And when you tell someone something and make it should like it is the only way you can do it, you do not know what they are going through at the time beside this and what those animals mean to them.. 

SO BE Careful... it is a goat and sheep disease and they would not have a vac for it, if it was not spreading.. YES I know that they only have a Vac for sheep at the moments BUT IT WORKS we can use it.


----------



## StaceyRosado (Oct 5, 2007)

KFOWLER said:


> Quick question for Donna (kritterkeeper)---Is the Case Back a treatment for goats or for sheep with CL.? What dosage do u use per pound?? Also is it safe for pregnant goats??
> Thanks!!


I do realize you feel strongly Kritterkeeper and you are totally entitled to them - why dont you also answer the questions directed at you? I feel this would be most helpful to those looking for answers :thumb:


----------



## kritterkeeper (Nov 27, 2007)

she had also sent me a private message and I replied to her question in that.. I am sorry for sounding so rude about it, But like you said I feel very strongly about this subject.. and it is a pet peeve of mine when people use the word cull as if it is a nice word. CL is not a death sentence, 

So sorry for my rude behavior.. 

Donna B


----------



## kritterkeeper (Nov 27, 2007)

*This is the reply I gave to her in a private message minus a few personal details*

the only Vac. for CL that is available right now is for Sheep, but has been used successfully on Goats and I follow the amounts on the package.

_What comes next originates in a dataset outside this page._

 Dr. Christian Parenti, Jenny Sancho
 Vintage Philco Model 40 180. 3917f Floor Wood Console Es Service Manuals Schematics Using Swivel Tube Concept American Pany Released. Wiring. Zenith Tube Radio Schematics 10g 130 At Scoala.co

I do not know if it is safe for PG Does, I always bottle feed my babies.. and give them the shot when I give them there other shots once a yr. and that is in the fall. the baby can have it at 2 mo and 4 weeks later. then once a year after that.. the older goats the first time get it then 4 weeks later. then once a year after that.

After talking to several vets at State Unv. It is not a death sentence. It is not curable but controllable. Did you go to the web site I had listed.. I like what the lady says

"CL is a fact of life in goats (and sheep). If you don't have it yet, you will have it. You don't have to own or buy infected goats; flies can carry the bacteria from nearby infected animals and bring it to your goats. "

Hope this helps- I know it is a heart breaking thing to go through but now that I am 2 yrs into it, I just treat it and try to make sure no one else gets it by vac for it. and telling everyone else to vac for it.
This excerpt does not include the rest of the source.